==== Input material ====

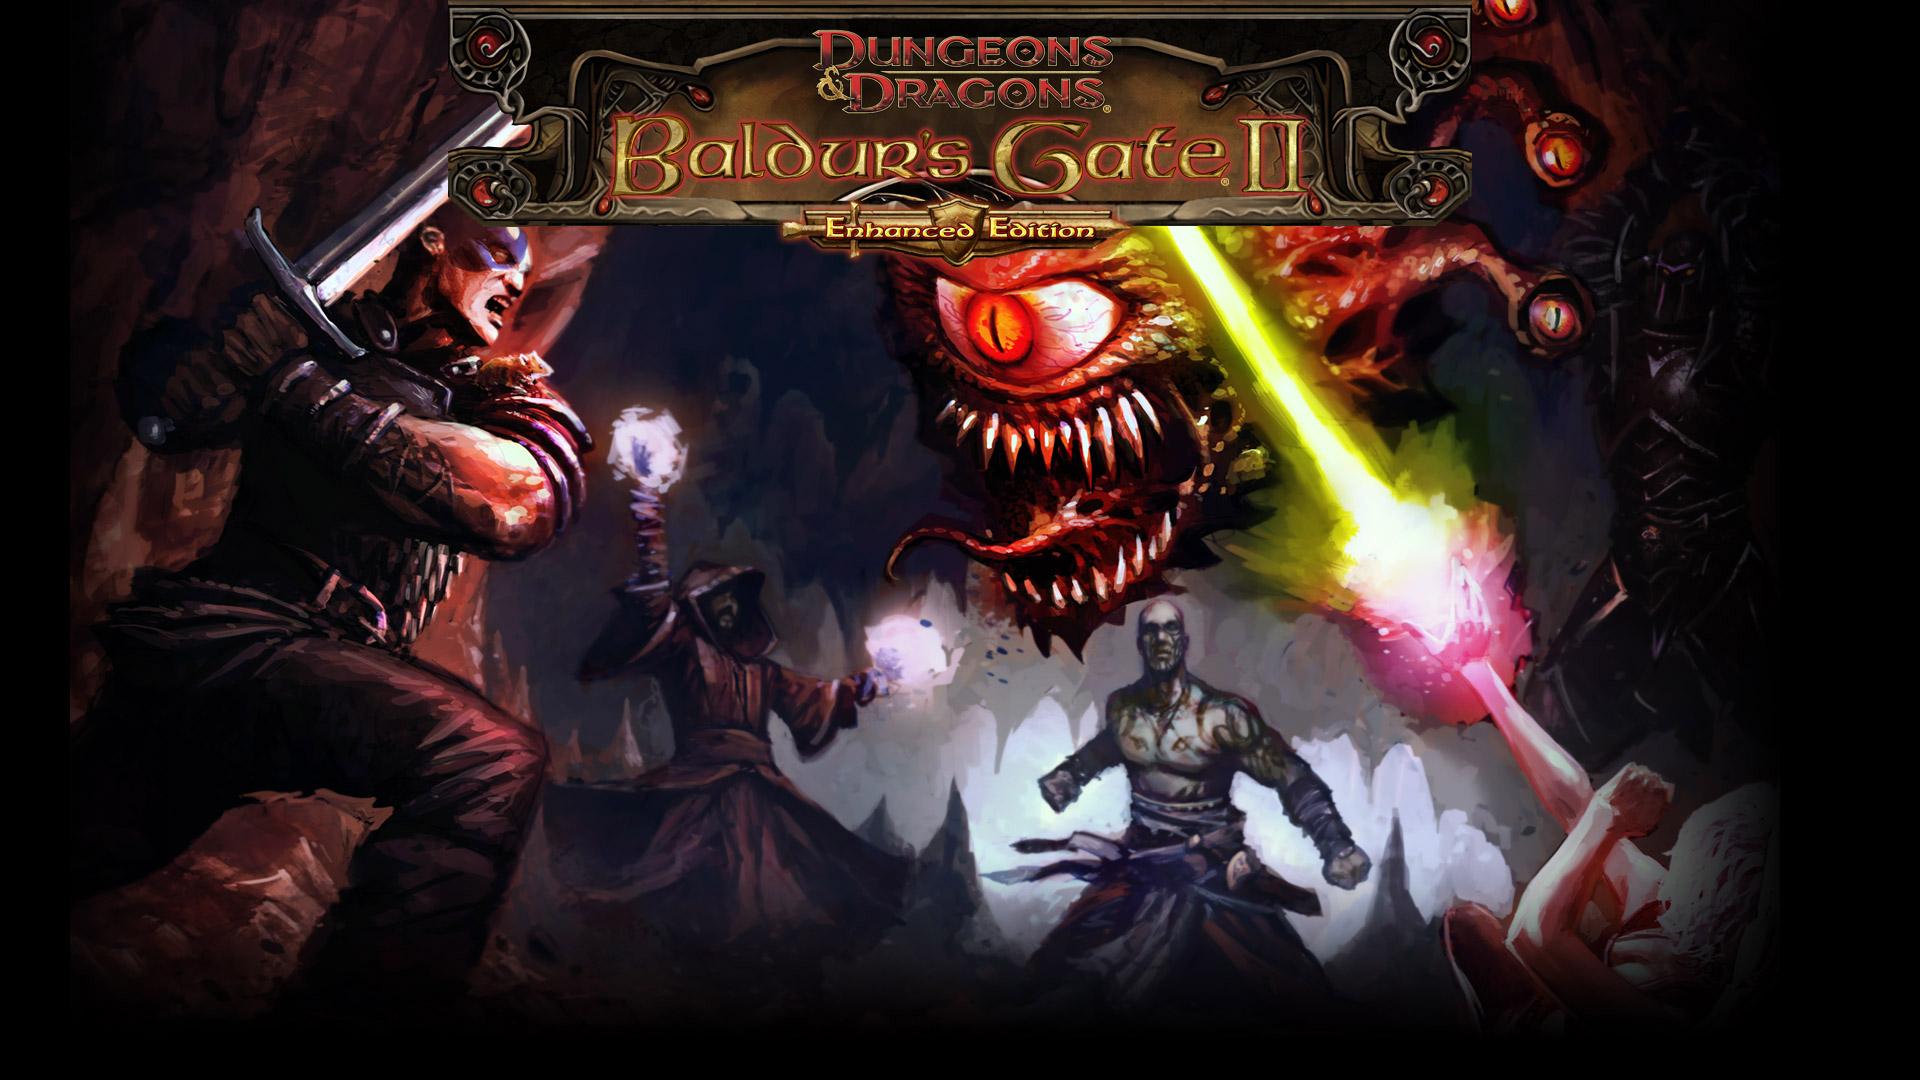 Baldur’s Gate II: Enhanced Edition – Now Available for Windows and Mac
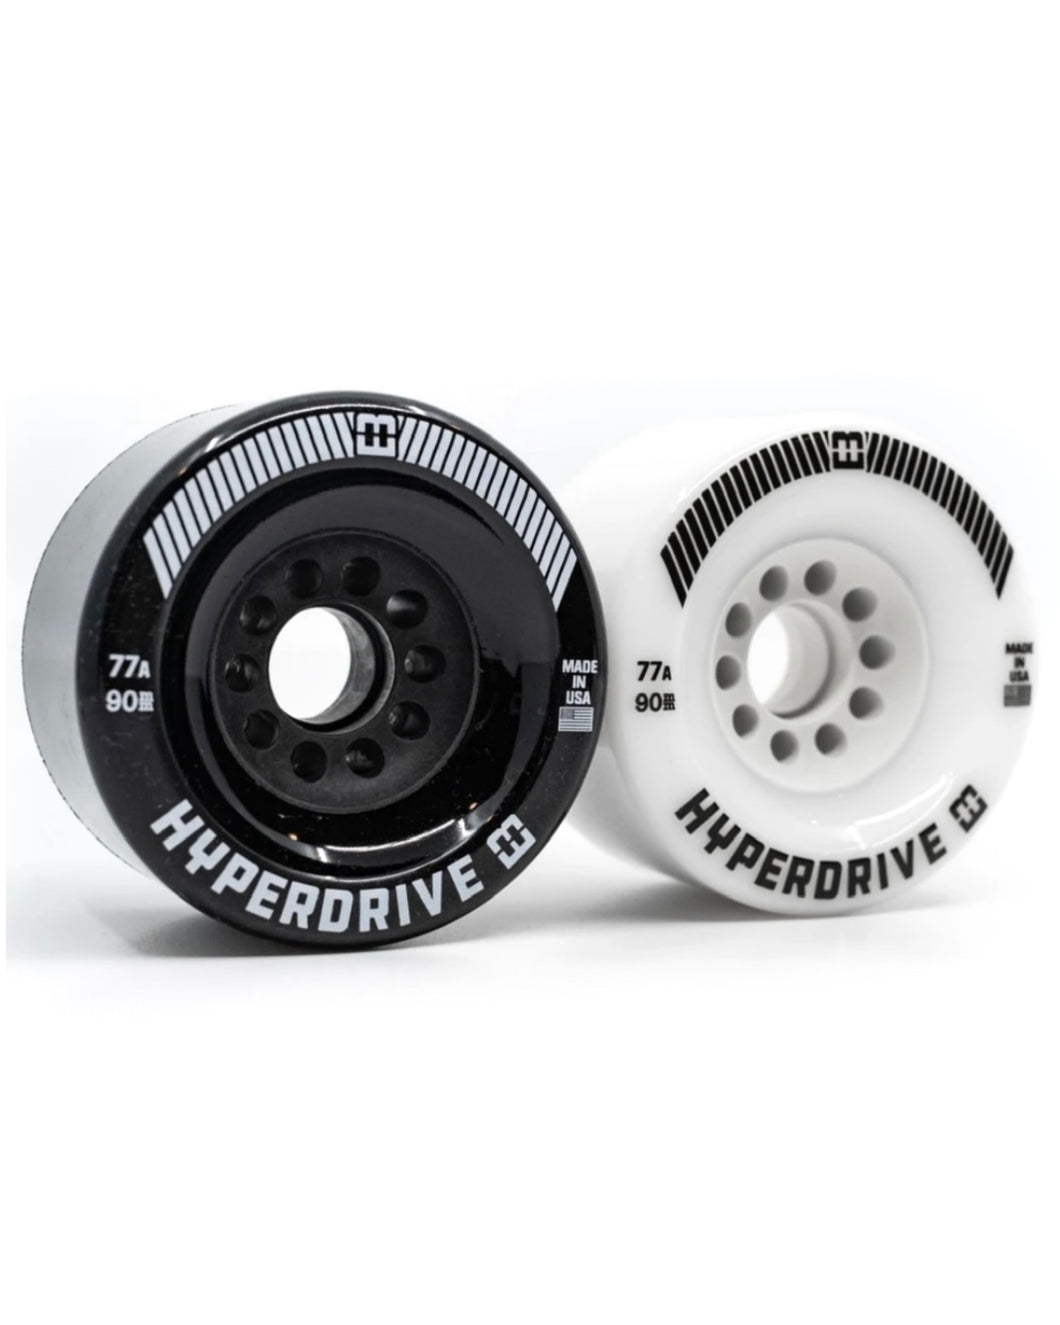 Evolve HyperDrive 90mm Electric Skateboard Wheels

====
==== Input material ====

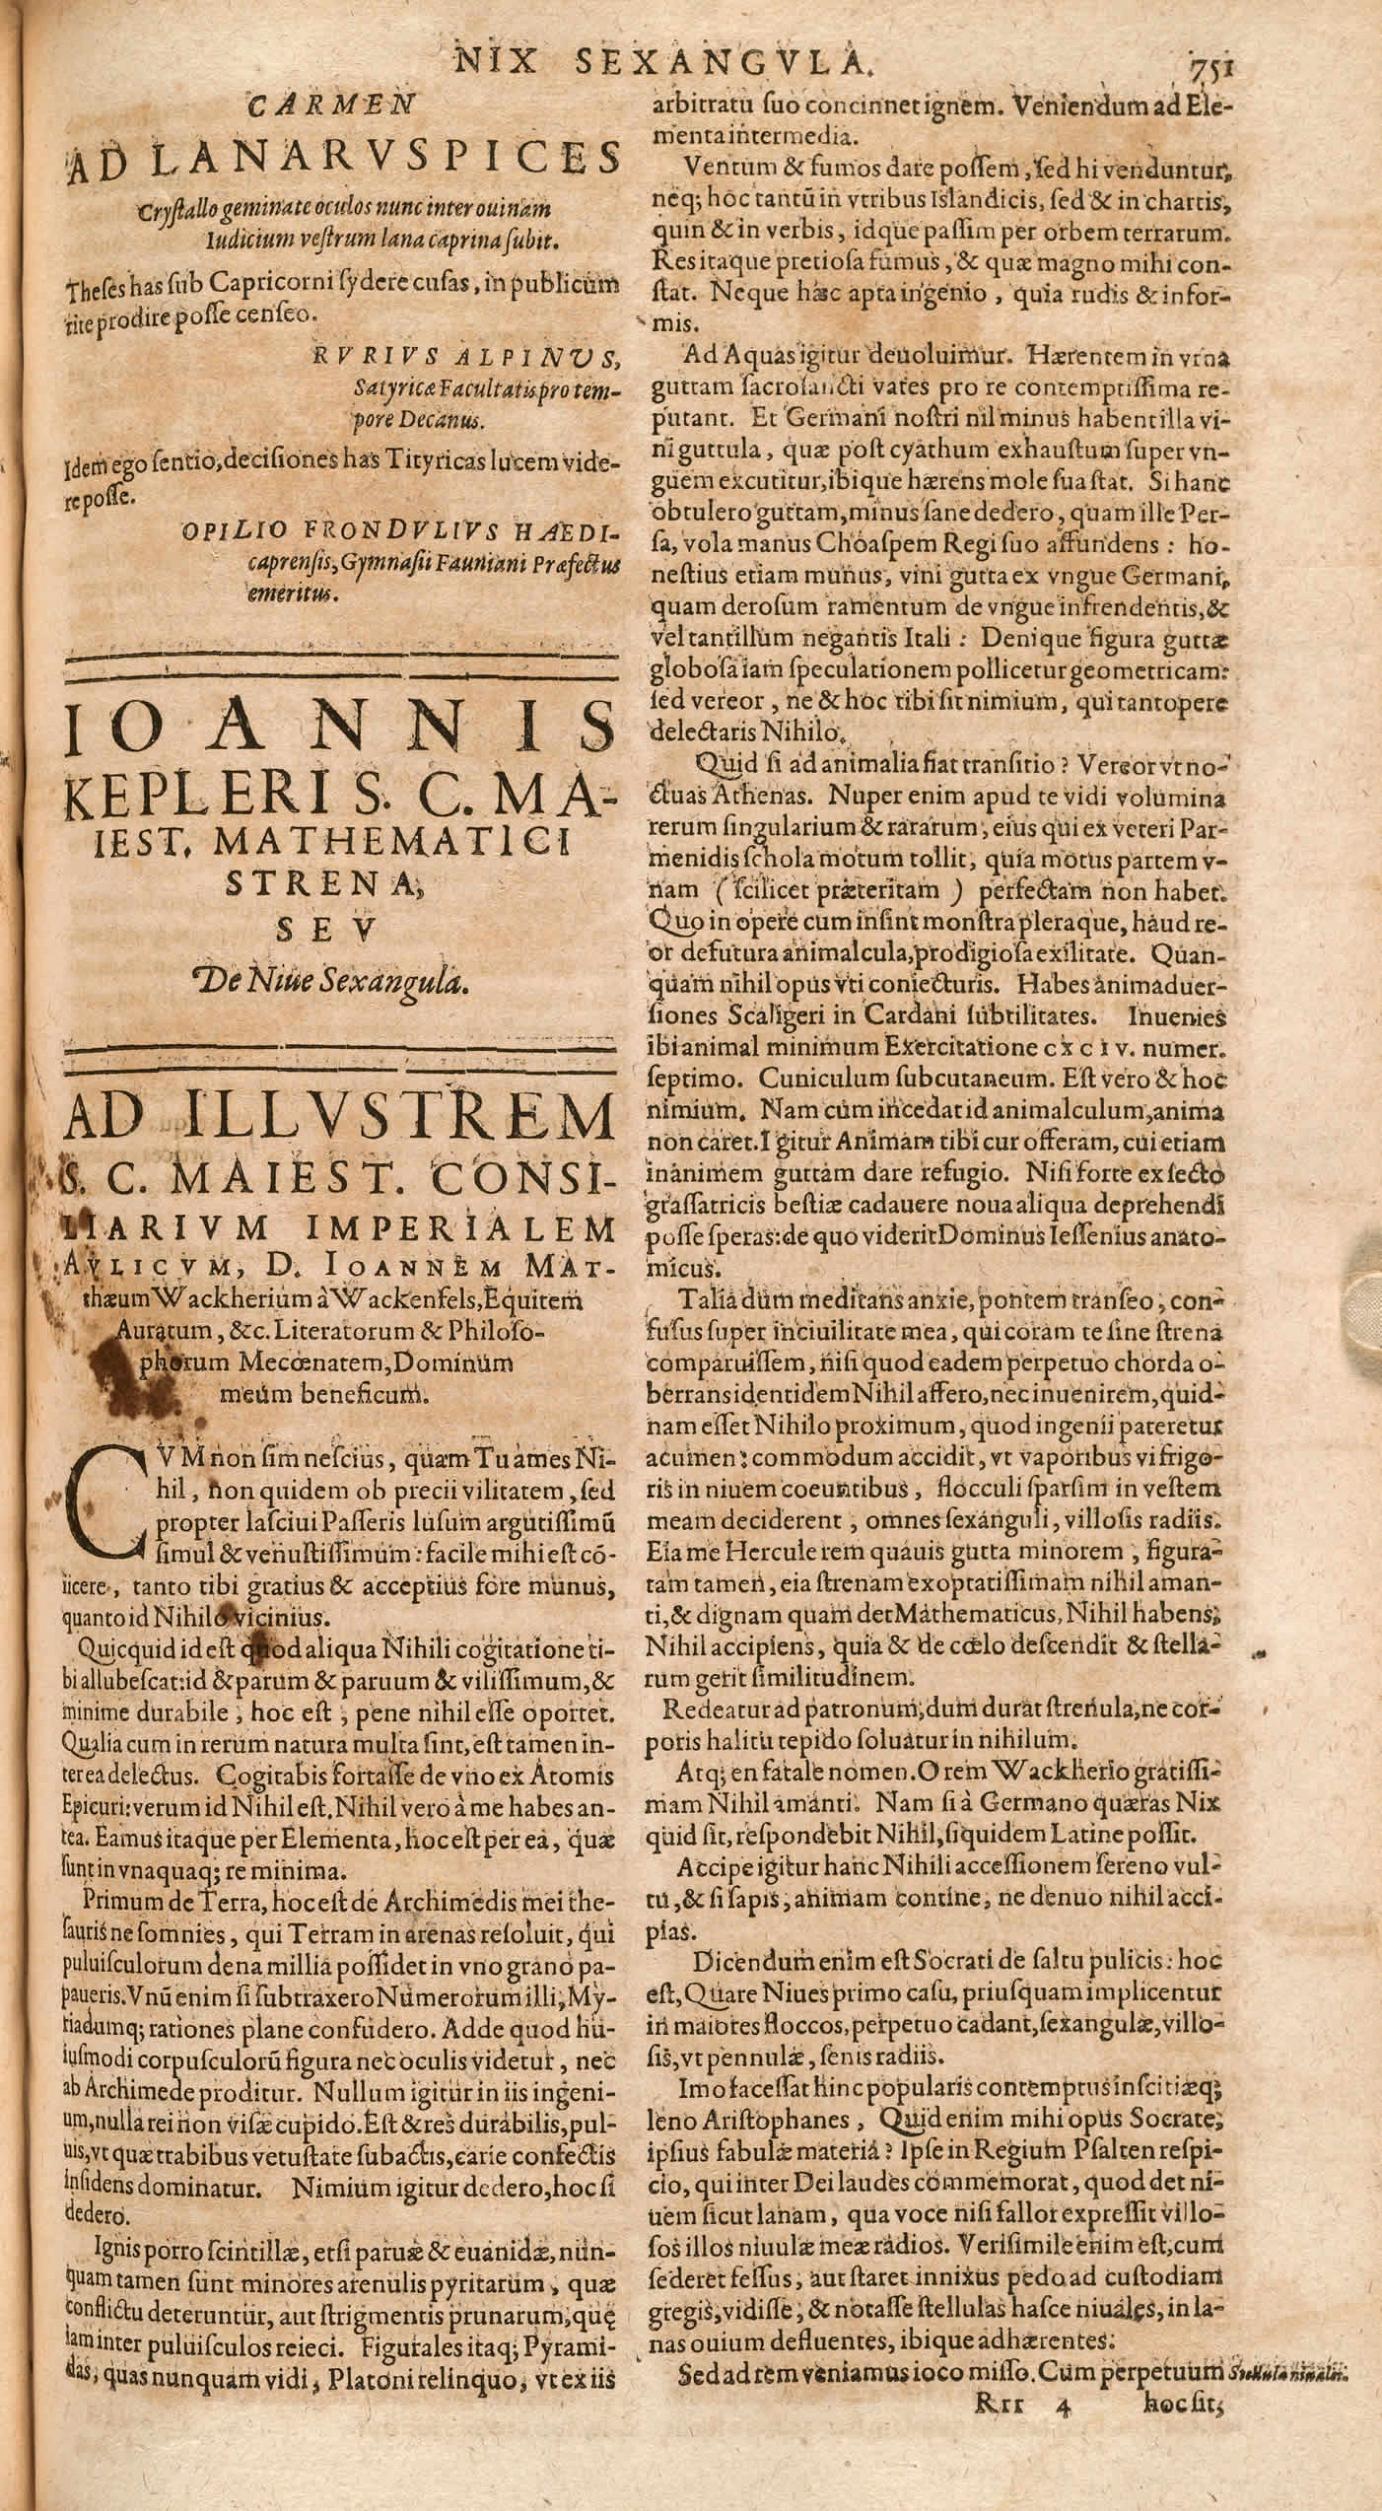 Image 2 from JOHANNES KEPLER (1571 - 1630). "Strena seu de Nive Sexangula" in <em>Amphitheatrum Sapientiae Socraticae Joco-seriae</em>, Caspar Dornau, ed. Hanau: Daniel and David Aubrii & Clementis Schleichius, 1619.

====

> _Brief_
Write back the stretch of lines above that begins with the line holding "Baldur’s Gate II: Enhanced" and ends with the line holding "Evolve HyperDrive 90mm", both included, exactly as written. Pictures stay out.

> _Finished task_
 Baldur’s Gate II: Enhanced Edition – Now Available for Windows and Mac
 Evolve HyperDrive 90mm Electric Skateboard Wheels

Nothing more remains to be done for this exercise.